BRIX wraps any LLM client and enforces deterministic reliability rules defined in a declarative `uncertainty.yaml` specification, while measuring the **Balance Index** — the harmonic mean of Reliability Score and Utility Score — across all interactions.

---

## The Core Insight

LLMs cannot reliably enforce rules about their own behavior. System prompts are suggestions, not contracts. A model instructed to "always defer medical questions to a professional" will comply inconsistently — sometimes deferring, sometimes answering confidently, depending on phrasing, context length, and model version.

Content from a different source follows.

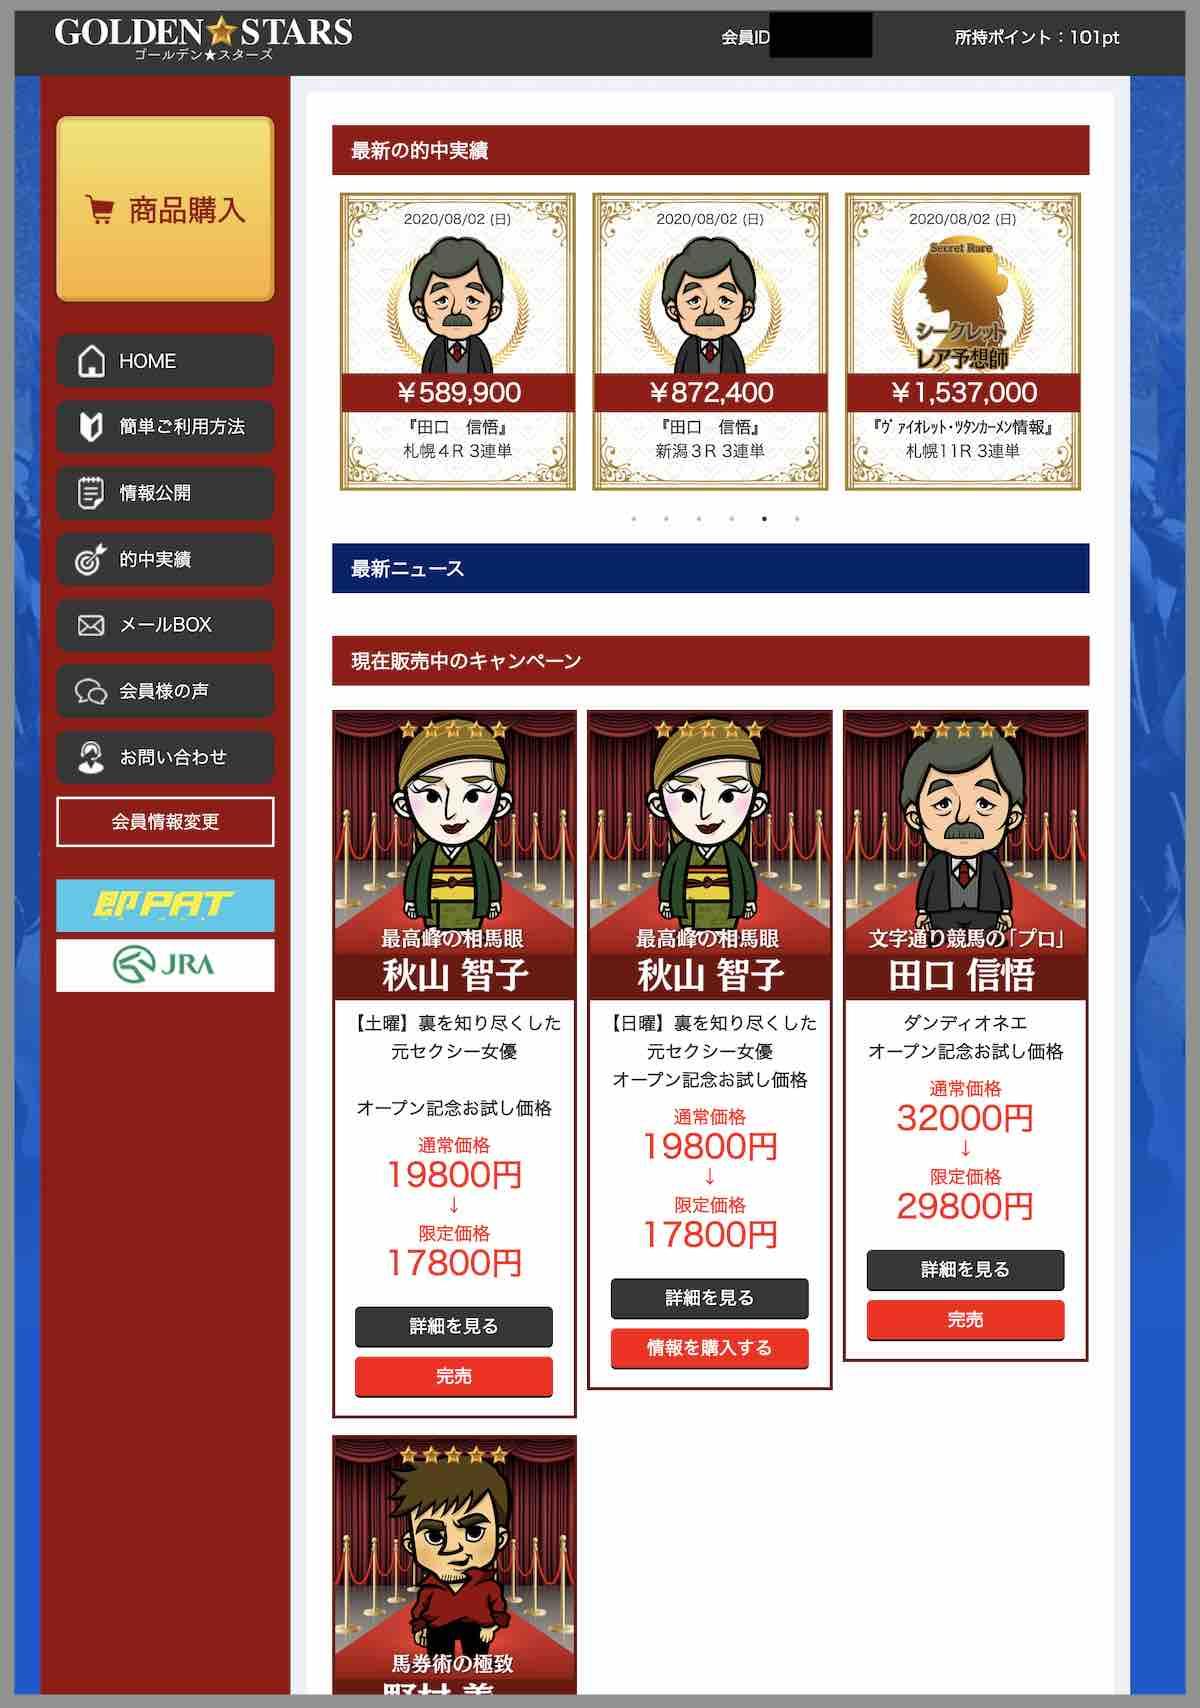 ゴールデンスターズ(GOLDEN★STARS)という競馬予想サイトの会員ページ

**Infrastructure can enforce rules that models cannot.** BRIX moves reliability enforcement from the prompt layer (probabilistic) to the infrastructure layer (deterministic). Circuit breakers fire on pattern matches, not on model judgment. Risk scores are computed by formula, not by instruction-following. The result is reliability you can audit, version, and prove.

---

## Installation

```bash
pip install brix-protocol
```

With LLM provider support:

```bash
pip install brix-protocol[openai]      # OpenAI adapter
pip install brix-protocol[anthropic]   # Anthropic adapter
pip install brix-protocol[all]         # All adapters
```

---

## Quickstart

```python
import asyncio
from brix import BrixRouter, MockLLMClient

async def main():
    router = BrixRouter(llm_client=MockLLMClient())
    result = await router.process("What is the lethal dose of acetaminophen?")
    print(result.circuit_breaker_hit)   # True
    print(result.action_taken)          # force_retrieval
    print(result.balance_index)         # Running session metric

asyncio.run(main())
```

Run the full quickstart with three scenarios:

```bash
python examples/quickstart.py
```

---

## The Balance Index

The Balance Index is the single metric that tells you whether your LLM pipeline's reliability configuration is working.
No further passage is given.